Thanks, answered my question ( and then some)

Honestly, I didn't notice much of a difference, but then again, I didn't use them at the same time.

taste and consistency wise once cooked, I noticed no difference at all.


----------



## giggler (Dec 21, 2015)

Recipe Please!

I love Spinache Pie and try every year..

but mine usually comes out rather "Harsh and even Too Cheesy"

I think this should be a Rather Dellicate Thing..

still trying..

Thanks, Eric, Audstin Tx.


----------



## Andy M. (Dec 21, 2015)

Larry, is your recipe like spanakopita?


----------



## larry_stewart (Dec 21, 2015)

Andy M. said:


> Larry, is your recipe like spanakopita?

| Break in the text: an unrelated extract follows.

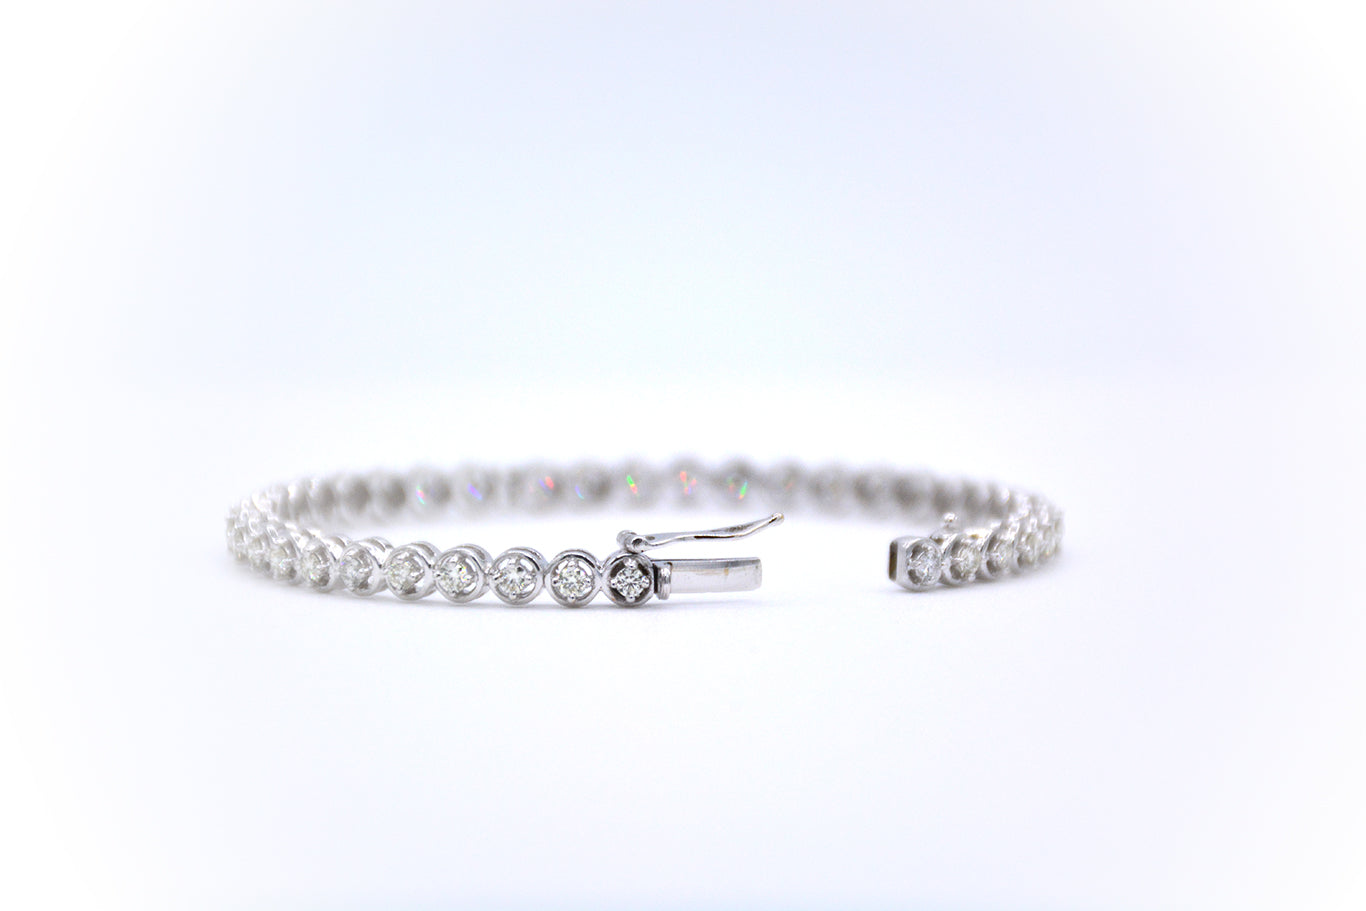 18K White gold oval bracelet with push clasp and 5.53ct T.W diamonds.
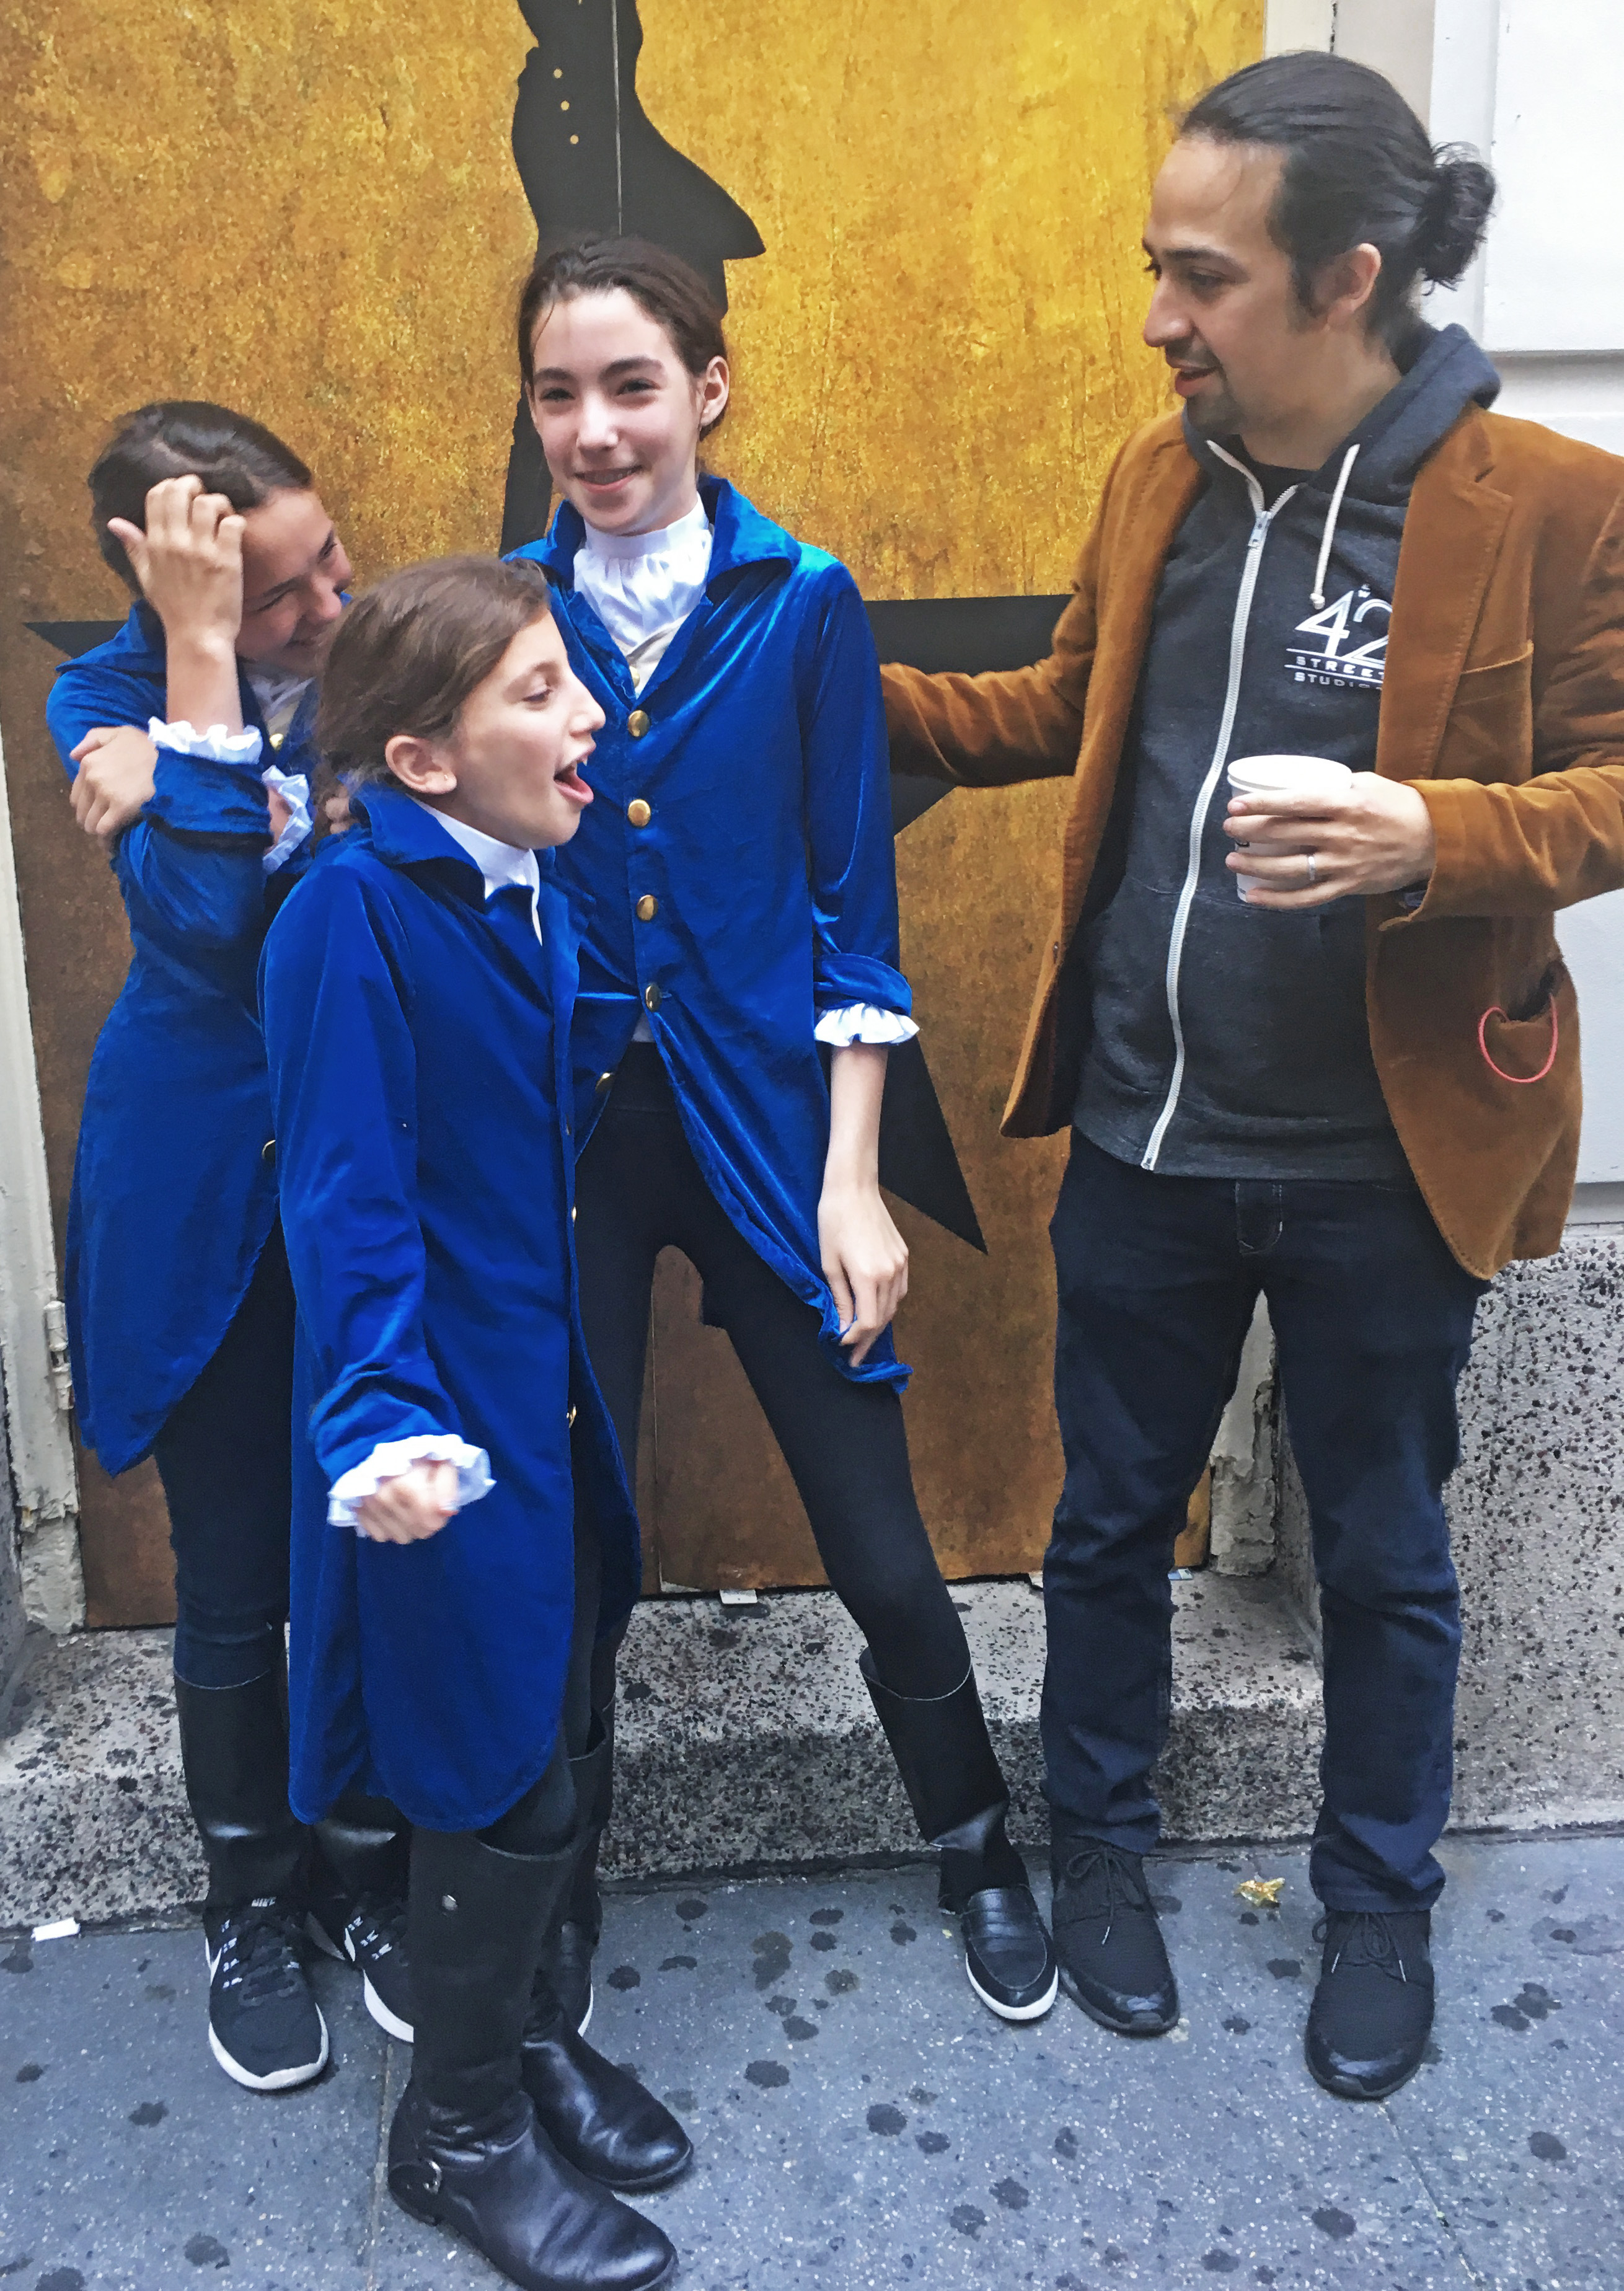 Outside the theater where Hamilton is playing, three girls meet their hero. Find out more here.

Yes, I use this recipe as a base:

Spanakopita (Greek Spinach Pie) Recipe - Allrecipes.com

But Ive altered it quite a bit, to the point that I only refer to the recipe to get the bake temp and time. ( and even that I kinda play by ear)

No Parsley
Yes Dill
No Ricotta
Yes Cottage cheese ( which actually works surprisingly well)
No Green onions
Yes egg + egg white
Def more feta cheese
No fresh spinach
Yes frozen ..

And the amounts all differ too.


----------